### DATASET SECTION
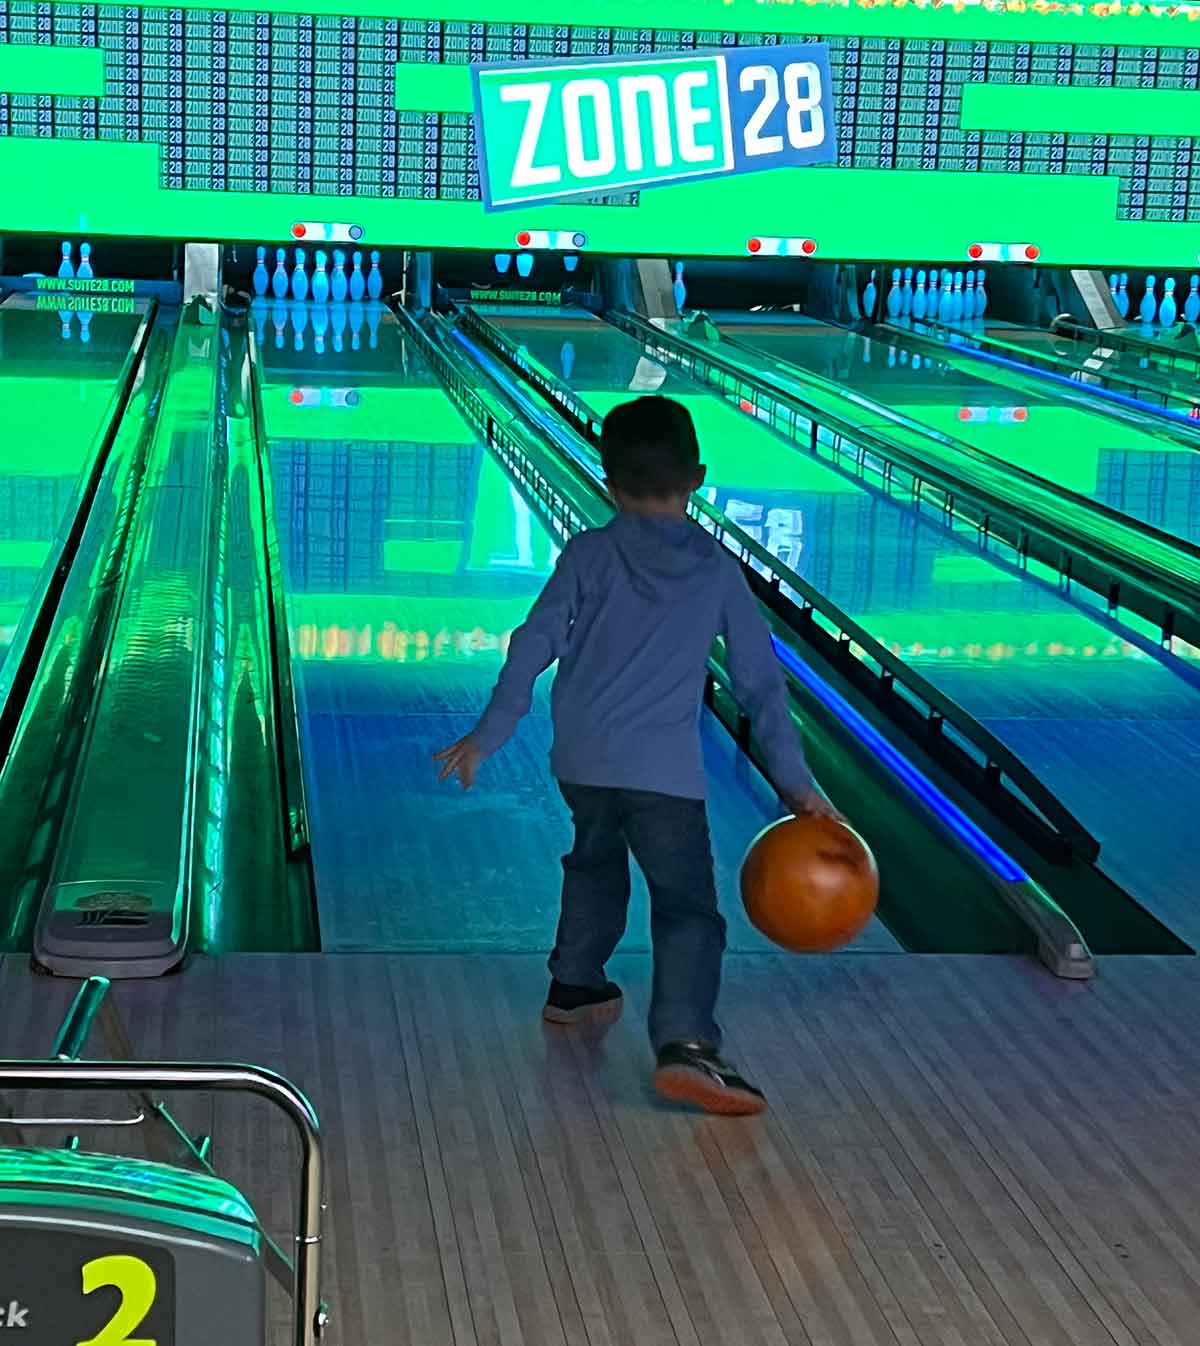 Little boy throwing an orange bowling ball, bright green and blue lights in background.
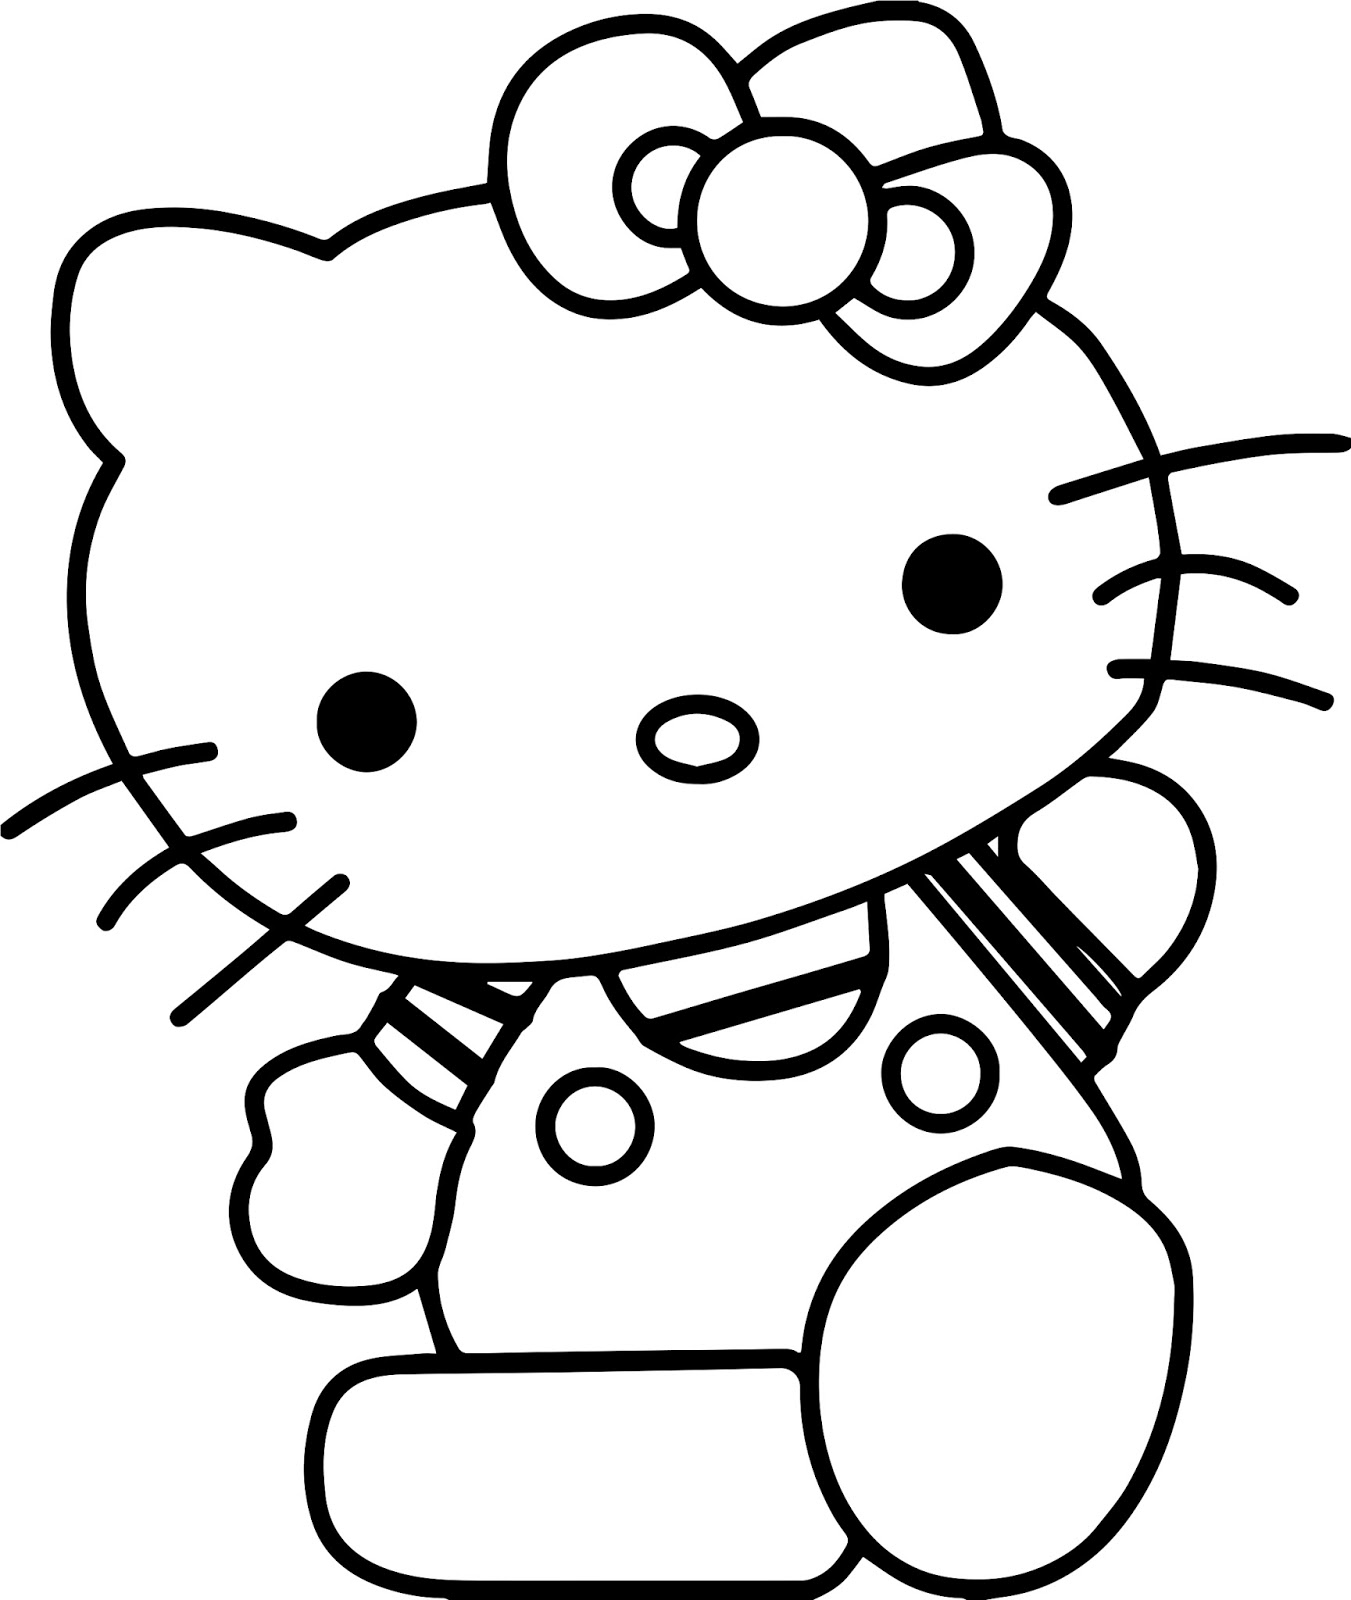 Free Videos For Kids Free Coloring Pages For Kids
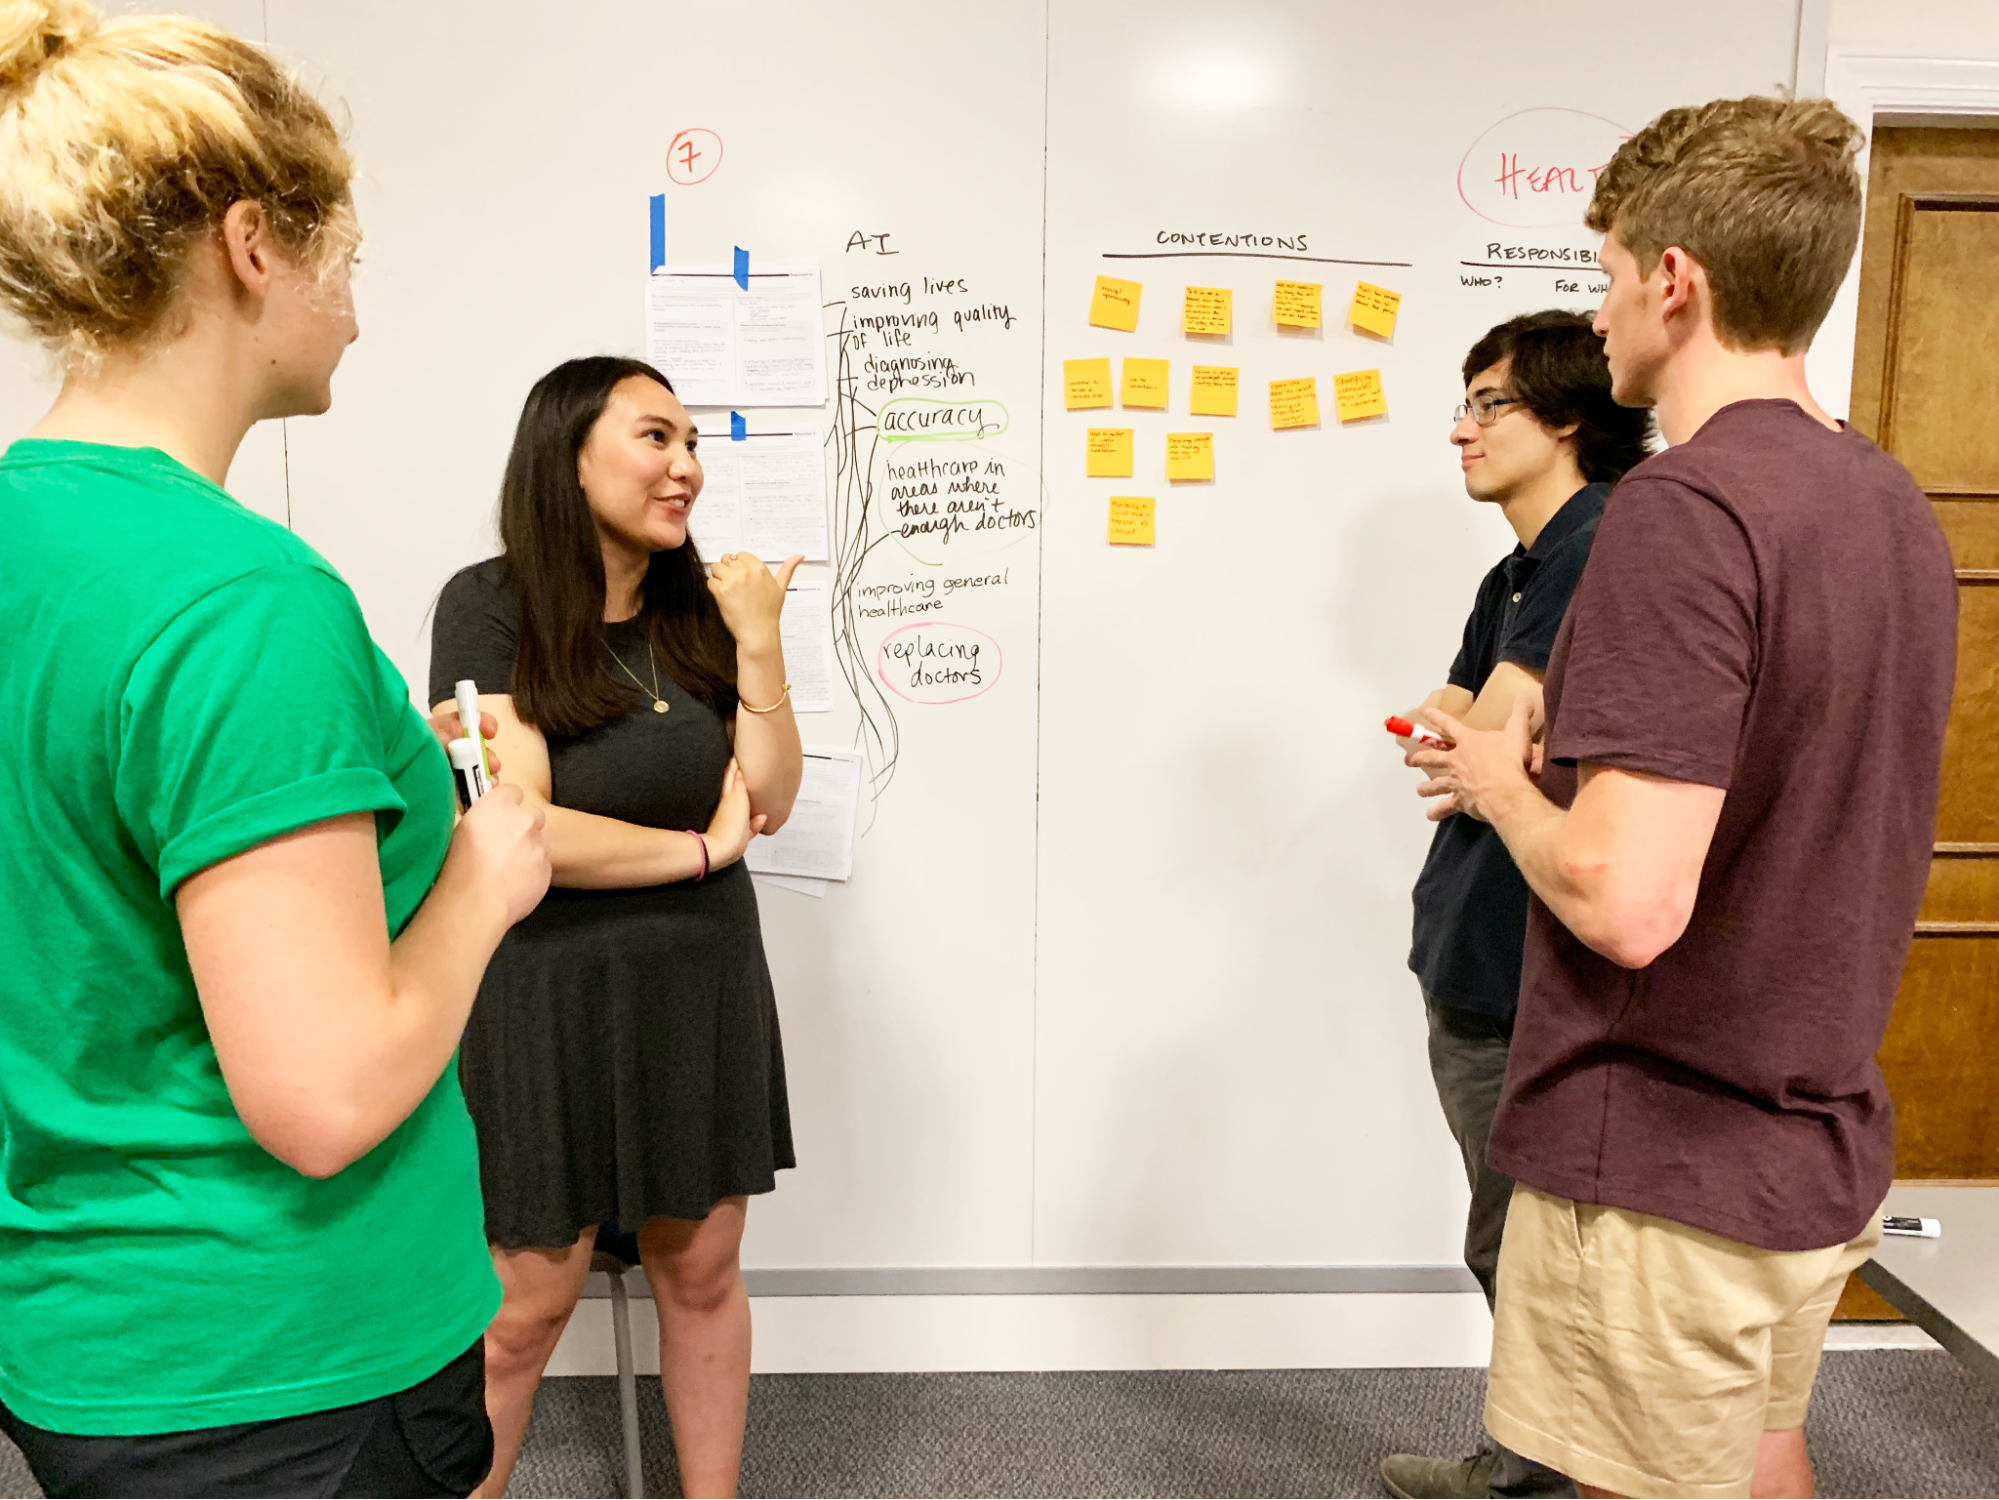 Students in the Fall 2019 Introduction to AI course use a white board and sticky notes in an interactive exercise.

### DESCRIPTION OF THE TASK
The data must be printed exactly, image-free.

### ANSWER TO THIS PROBLEM
 Little boy throwing an orange bowling ball, bright green and blue lights in background.
 Free Videos For Kids Free Coloring Pages For Kids
 Students in the Fall 2019 Introduction to AI course use a white board and sticky notes in an interactive exercise.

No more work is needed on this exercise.